Sorry it took me a while to get around to posting about the conference. I have been super busy working this week trying to make up for lost work last week.
I don't even know where to start. I have to admit I was a little nervous going to the conference. As most of you know, I'm not a huge social butterfly like my husband is. I'm not great at meeting new people and was worried about having the right things to say to the other parents. Would it be hard to ask about their children, how they are affected, how and when the were diagnosed? But as soon as we walked in for dinner that night I immediately felt at home and all those worries went away.....every parent there had the same questions we had, no need for awkwardness!!! What a relief!!! No weird stares, no blank looks when talked about JS, no feeble attempts to console you and tell you she would be ok.

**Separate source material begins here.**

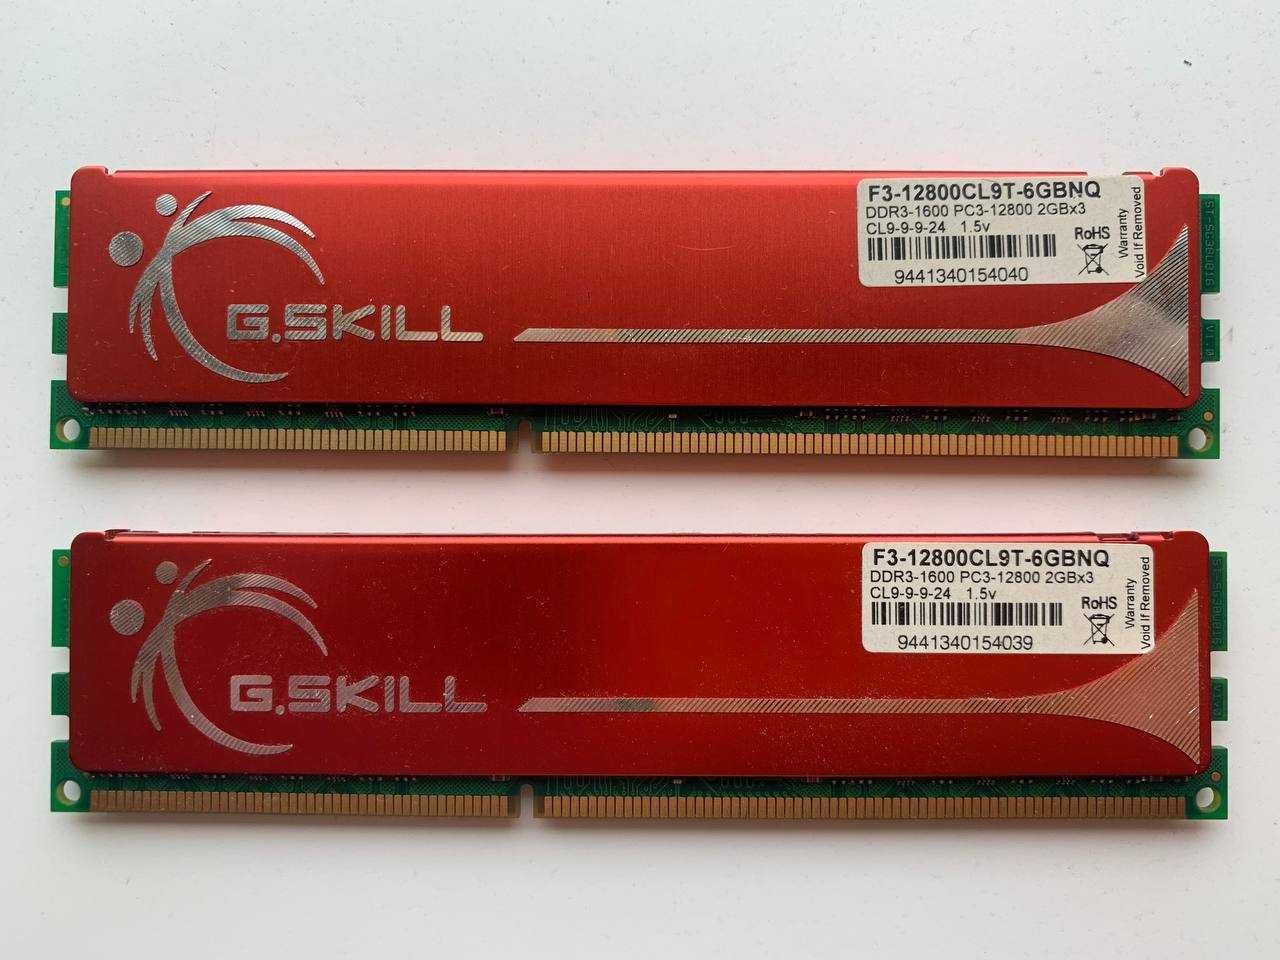 G.Skill DDR3-1600 4Gb (2x2Gb) PC3-12800 NQ series (F3-12800CL9T-6GBNQ)

I won't go into details, but we quickly saw that Haley is very lucky, she could have much more severe effects from JS. But every single child there, whether severe or mild is so precious and so special and it is amazing to see the love pouring from their parents and willingness to do EVERYTHING possible for their child. We met a lot of wonderful families, and a few that are fairly close to us in TN.
The doctors and specialist there were amazing. Although the were all compensated to be there, it was still so nice of them to take time out of their busy schedules and be available to all of the parents. We had several private consultations which were very informative....for the most part. We met with the neurologist, who are considered the best in the business for JS. Drs Paretti and Bolthouser from Switzerland. They were very knowledgeable and very nice, but VERY scientific and not really into looking the hope and miracles involved in the prognosis of JS. Which I can't hold that against them, they are scientific minded after all, and there may have been a language barrier involved also. Dr Doherty was gracious enough to spend extra time with us and looked at Haley's MRI. He went through slice by slice and explained everything to us. No one had ever explained it so thoroughly to us. He said that her MRI is very classic for JS, which was not news to us, but was nice to hear a definitive diagnosis from someone who is an "expert".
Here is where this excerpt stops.